We asked Buckingham Palace for a list of Royal patronages is some usable format, such as a spreadsheet, but they said that they do not have one.

It is extremely difficult to identify the patronages which are of UK registered charities. The Royals also have patronages of other types of entity, e.g., cities, parts of the military, non-charitable non-profits (e.g., the Duchess of Cambridge is patron of the V&A Museum, which is not a registered charity but a non-departmental public body). We are still unable to isolate the UK registered charity patronages despite having now spent at least four-person-weeks on it. Hence the numbers often quoted in the press about the number of charities which various Royals are patrons are almost certainly wrong. For example, the Prince of Wales’ website lists him as patron of ‘The Reserve Forces Ulysses Trust’ whereas the royal.uk site lists him as patron of ‘Ulysses Trust’: we think that these are the same thing, but cannot know, and the Royals between them have hundreds of such patronages which would need cross-checking.

*The above is why these numbers are somewhat imprecise.

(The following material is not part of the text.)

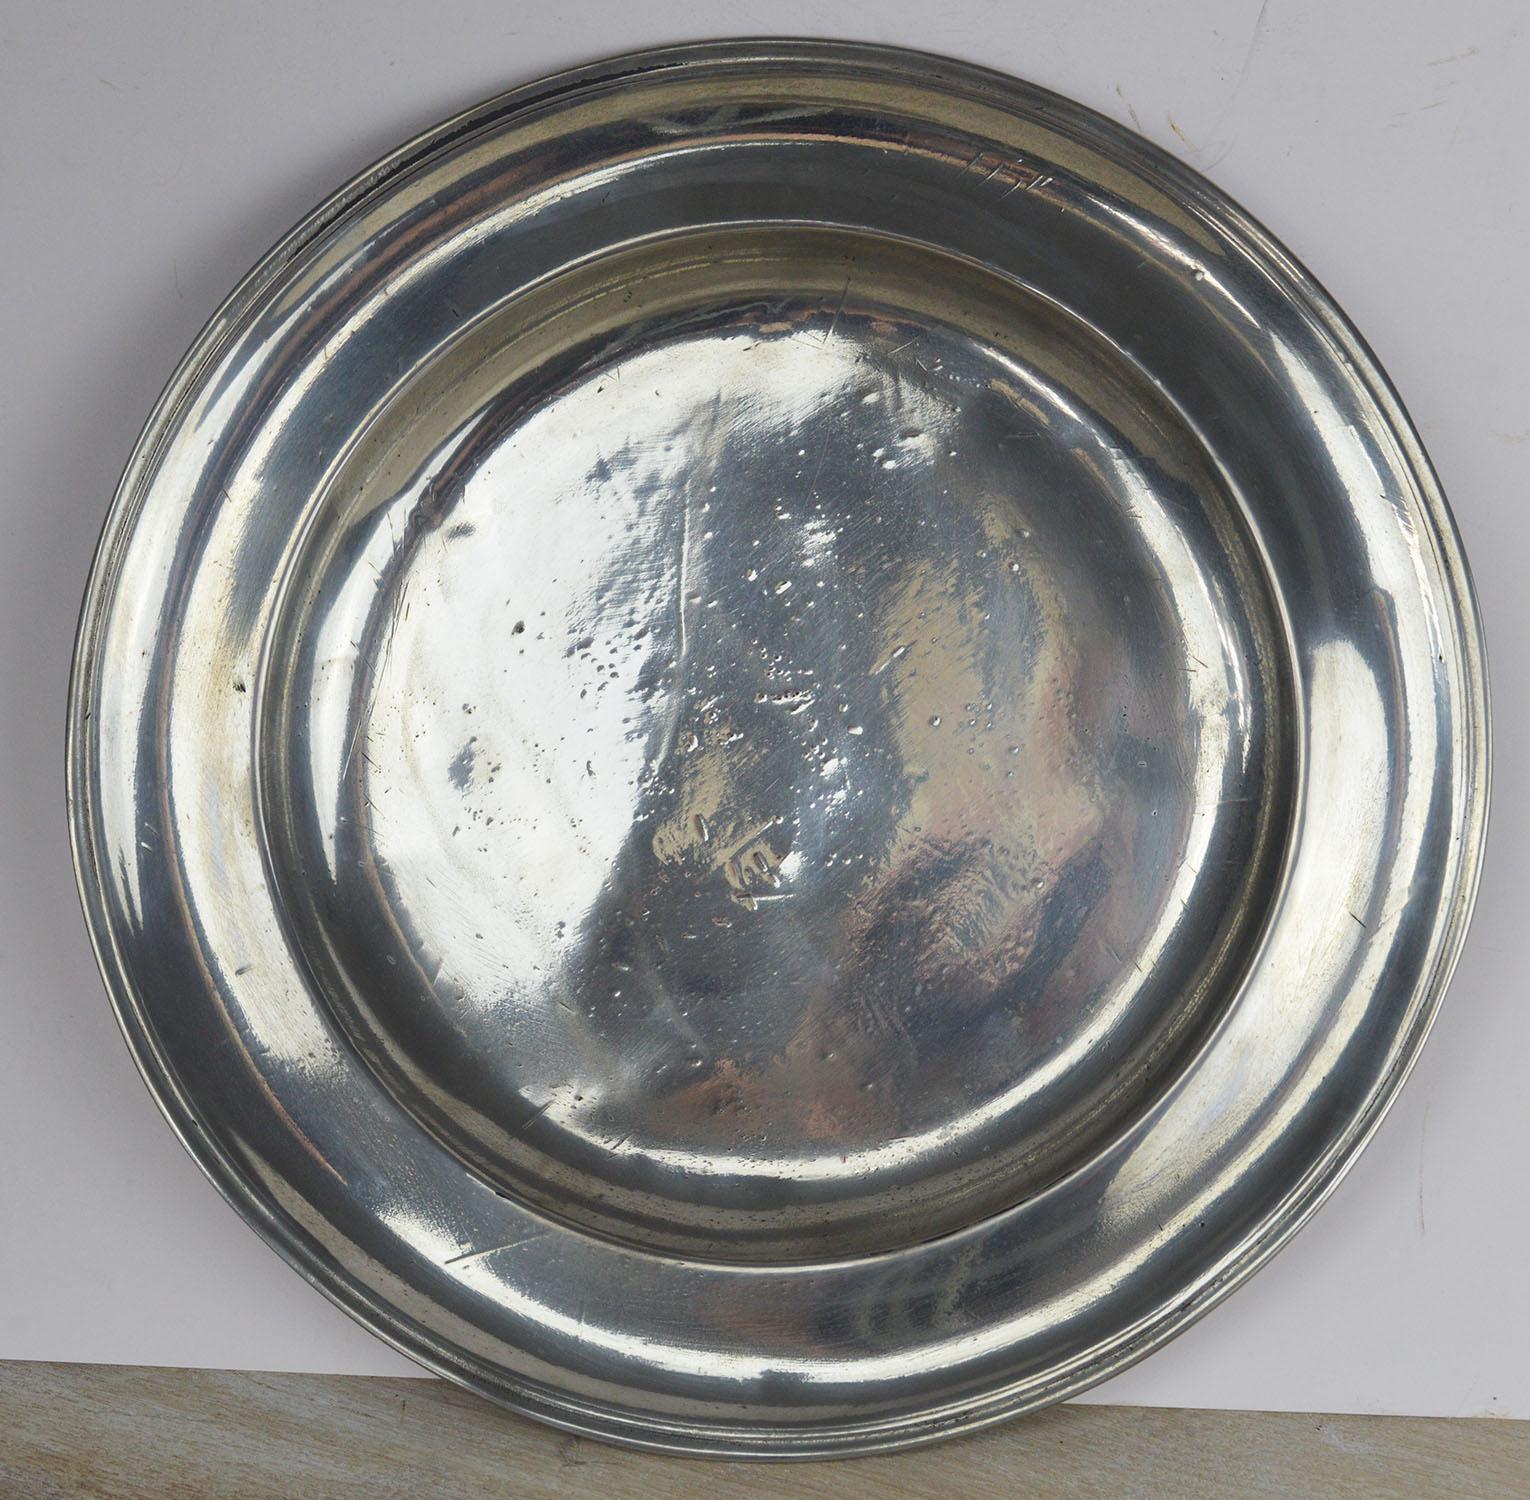 English 3 Large Antique Brightly Polished Pewter Chargers, 18th Century

This has been covered in the press, e.g., here.

We will publish more as we proceed.

This entry was posted in Donor behaviour & giving stats, Effective giving, Uncategorized. Bookmark the permalink.

1 Response to Do Royals help charities? We’re finding out

  1. julianbeynon says:

    I note that this was a year ago but I seriously doubt your methodology. As someone who has one of the most ‘in demand’ Royals on the planet supporting my charity, whilst also having seen how the hardest working Royal makes a difference I find your premise flawed.